* **Your instructions**
The result should hold only the lines from the one with "Fantastisch Ikea Küchenplanungstool" through the final line of the data below, transcribed exactly, pictures left out.

* **Data shown**
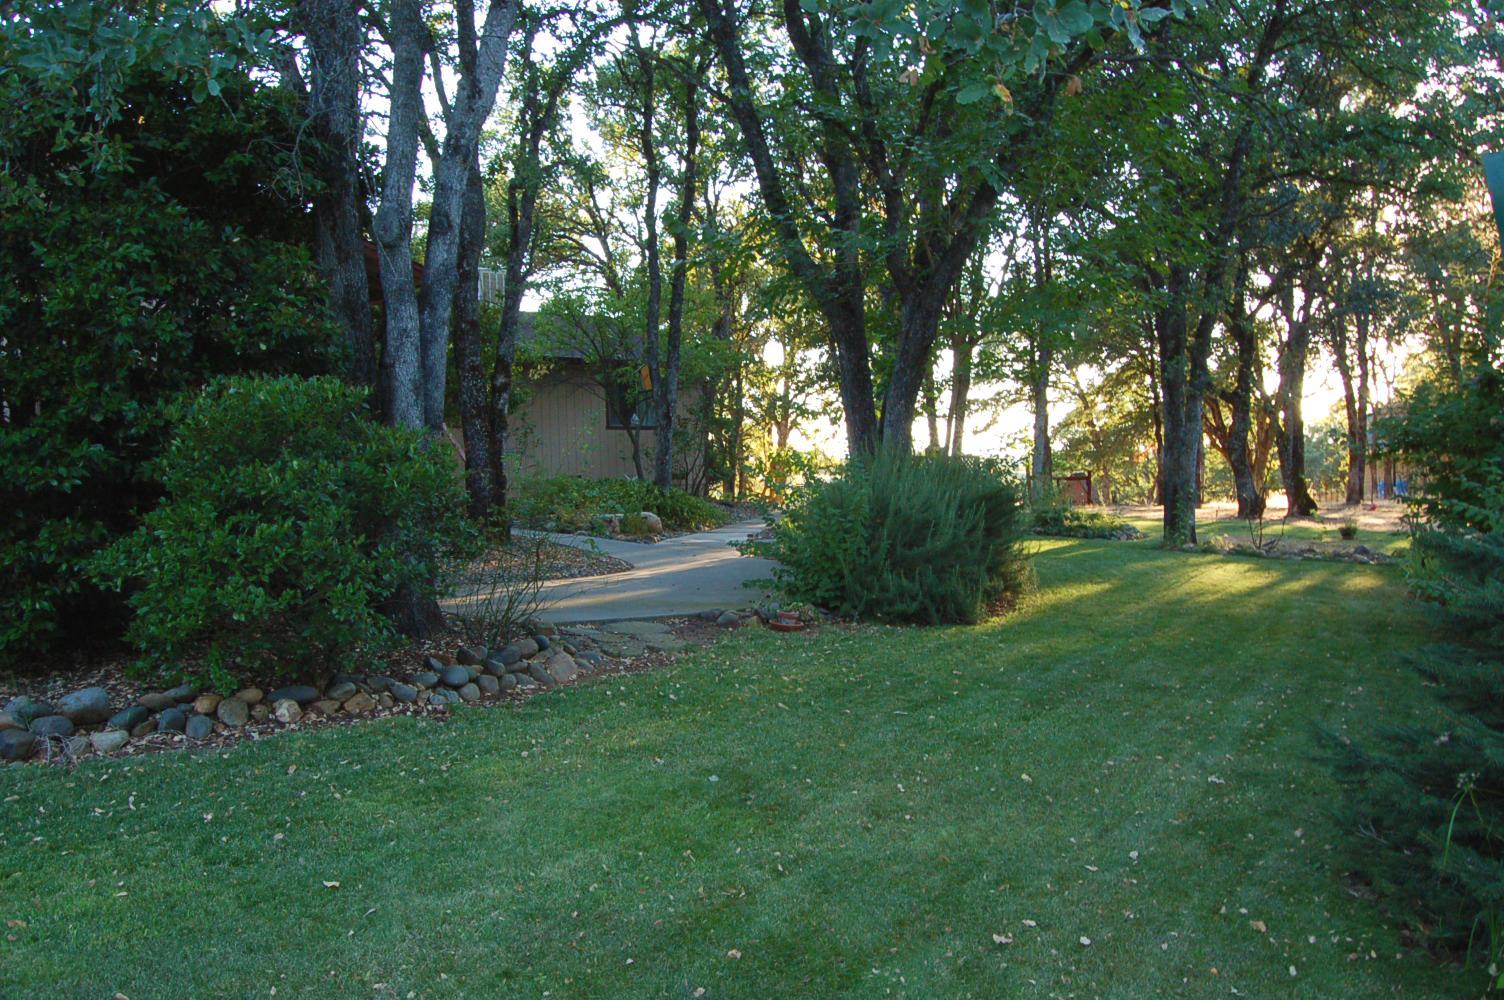 17410-Hooker-Creek-Rd-Cottonwood-CA-grass
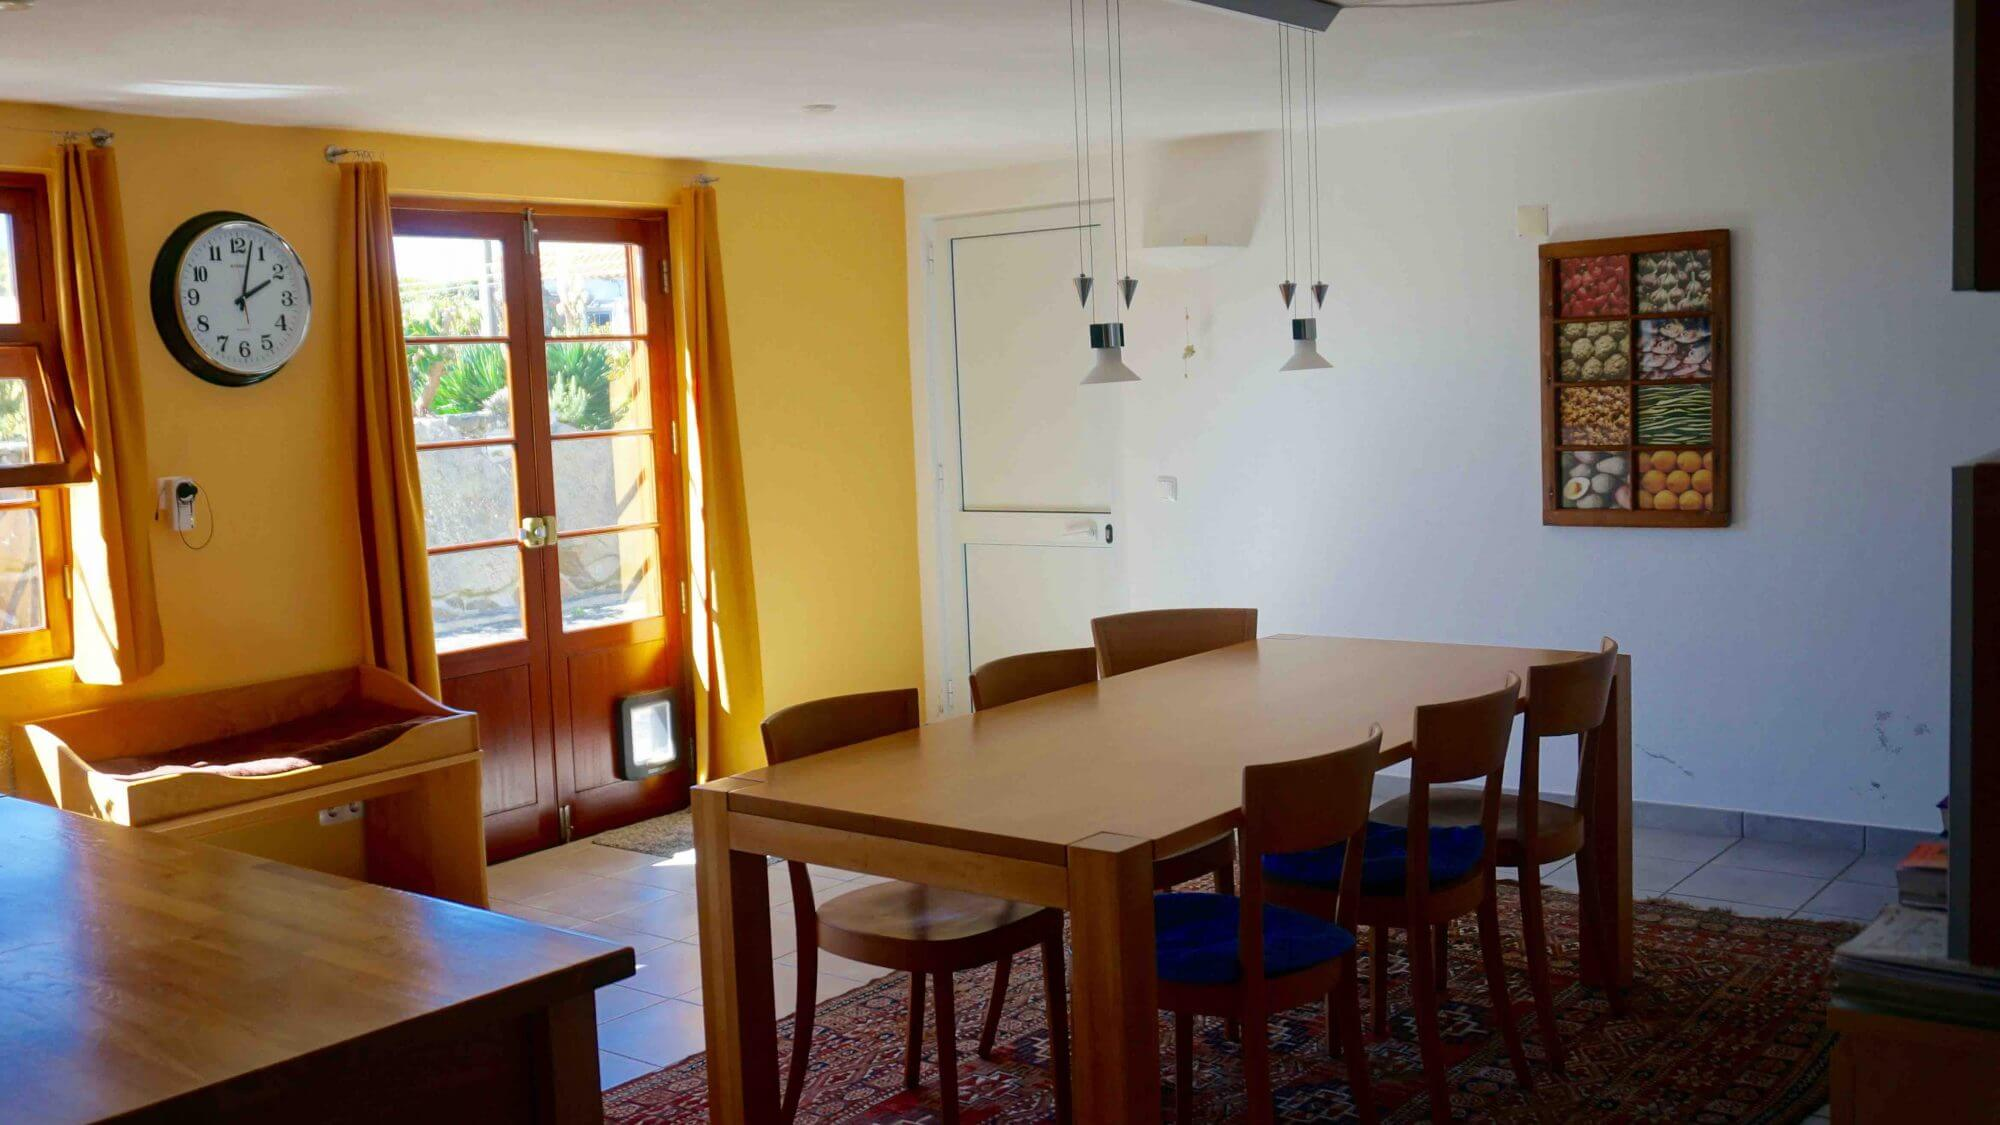 Fantastisch Ikea Küchenplanungstool Mac Galerie - Ideen Für Die ...
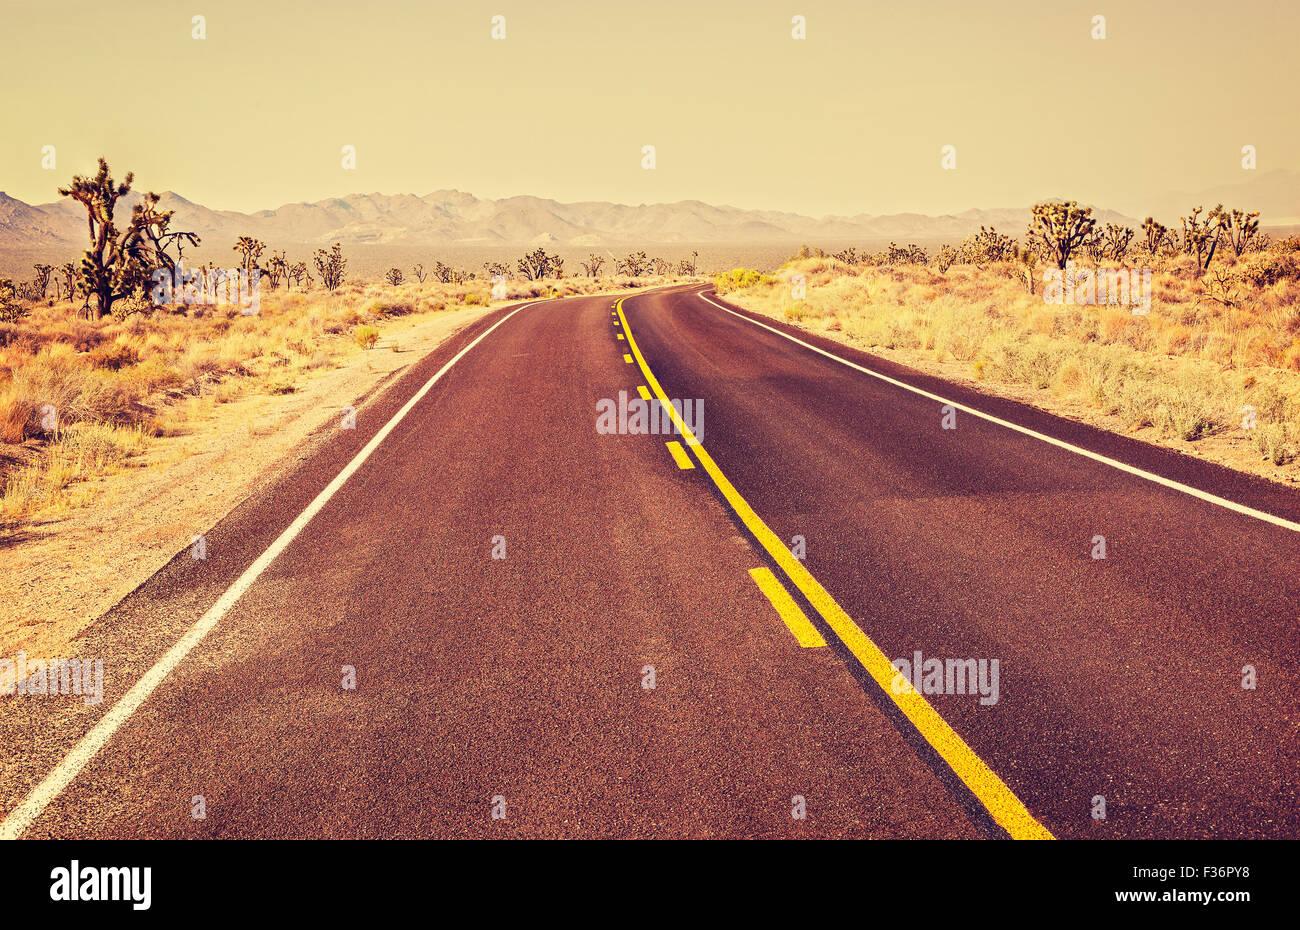 Retro-alte Film Stil endlose Landstraße, Abenteuer Reisekonzept, Joshua Tree National Park, USA. Stockbild

* **Reply to the exercise**
 Fantastisch Ikea Küchenplanungstool Mac Galerie - Ideen Für Die ...
 Retro-alte Film Stil endlose Landstraße, Abenteuer Reisekonzept, Joshua Tree National Park, USA. Stockbild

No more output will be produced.